Over time, the loop compounds. The agent gets better at reviewing this specific codebase because it's building up a knowledge base from every review it does.
| Auto Memory | Subagent Memory | |
|---|---|---|
| Who writes it | Main Claude session | Individual subagents |
| Scope options | Per-project, user-scoped only | user, project, or local |
| Storage root | ~/.claude/projects/<project>/memory/ |
Varies by scope |
| Startup loading | First 200 lines of MEMORY.md | First 200 lines of MEMORY.md |
| Topic files | On-demand | On-demand |
| Git-committable | No | Yes (project scope) |
| Control mechanism | CLAUDE_CODE_DISABLE_AUTO_MEMORY env var |
memory frontmatter key per agent |
| Curation | Agent self-curates | Agent self-curates |
Same architecture, different scoping. The biggest difference: subagent memory can be committed to version control and shared with your team. Auto memory stays local to you.

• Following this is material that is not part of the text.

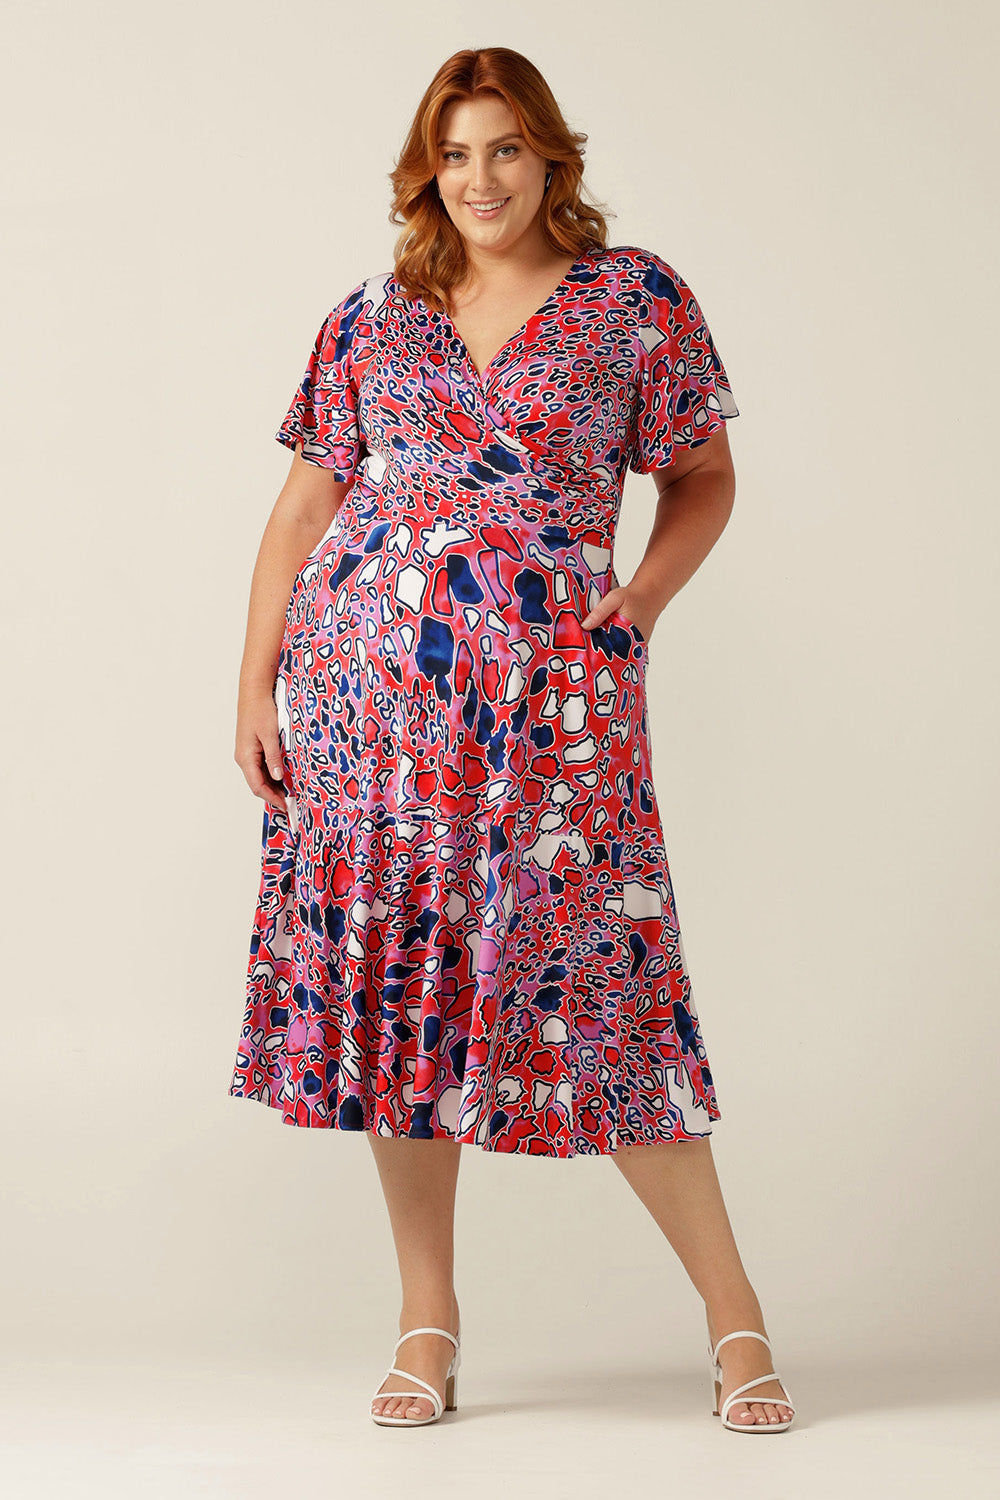 fixed wrap jersey dress with flutter sleeves, pockets and ruffle on skirt.

The 200-line curation constraint is the part I'm most curious about. The agent has to decide what's worth keeping — and there's no built-in quality control beyond the system prompt you write. Over enough sessions, does MEMORY.md stay sharp or does it drift toward noise?
The project-scoped subagent memory is the feature with the most potential. When agents are learning about your codebase and committing those learnings alongside the code, you get a flywheel: better context → better agent work → better learnings → better context. But you also get a new kind of code review: is the agent's memory accurate? Is it drifting? Are different team members' agents converging on the same insights, or diverging in ways that signal gaps in your documentation?
That's the piece I want to explore next — what tooling could sit on top of these primitives to close the loop between agent memory and project-level knowledge.